This exploratory pilot study investigated the potential of combining a domain-specific model, BERN2, with large language models (LLMs) to enhance automated disease phenotyping from research survey data. Motivated by the need for efficient and accurate methods to harmonize the growing volume of survey data with standardized disease ontologies, we employed BERN2, a biomedical named entity recognition and normalization model, to extract disease information from the ORIGINS birth cohort survey data. After rigorously evaluating BERN2's performance against a manually curated ground truth dataset, we integrated various LLMs using prompt engineering, Retrieval-Augmented Generation (RAG), and Instructional Fine-Tuning (IFT) to refine the model's outputs. BERN2 demonstrated high performance in extracting and normalizing disease mentions, and the integration of LLMs, particularly with Few Shot Inference and RAG orchestration, further improved accuracy. This approach, especially when incorporating structured examples, logical reasoning prompts, and detailed context, offers a promising avenue for developing tools to enable efficient cohort profiling and data harmonization across large, heterogeneous research datasets.

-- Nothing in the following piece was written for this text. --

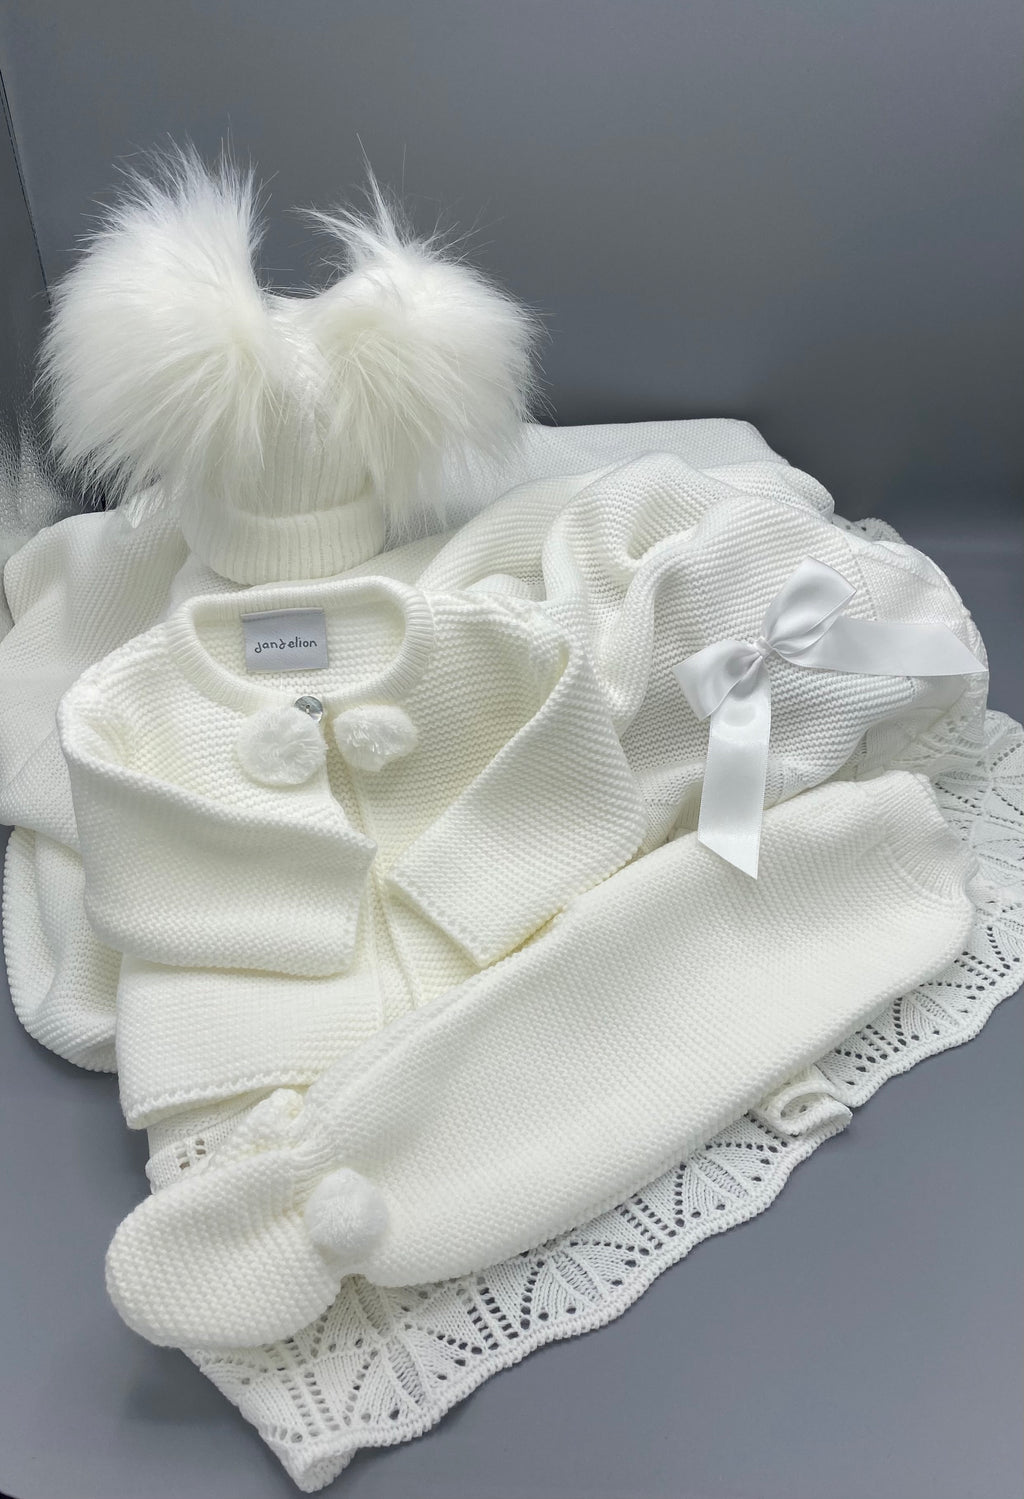 White newborn gift set

翻译：本探索性先导研究调查了结合领域特定模型BERN2与大型语言模型（LLM）以增强研究调查数据中自动化疾病表型提取的潜力。研究动机源于对高效准确方法的需求，以协调日益增长的调查数据与标准化疾病本体。我们采用生物医学命名实体识别与规范化模型BERN2，从ORIGINS出生队列调查数据中提取疾病信息。在基于人工标注基准数据集严格评估BERN2性能后，我们通过提示工程、检索增强生成（RAG）和指令微调（IFT）整合了多种LLM以优化模型输出。BERN2在疾病提及的提取与规范化方面表现出高性能，而LLM的集成——特别是通过少样本推理与RAG编排——进一步提升了准确性。该方法，尤其是在融入结构化示例、逻辑推理提示和详细上下文时，为开发高效队列分析和大型异构研究数据集间数据协调工具提供了一条前景广阔的途径。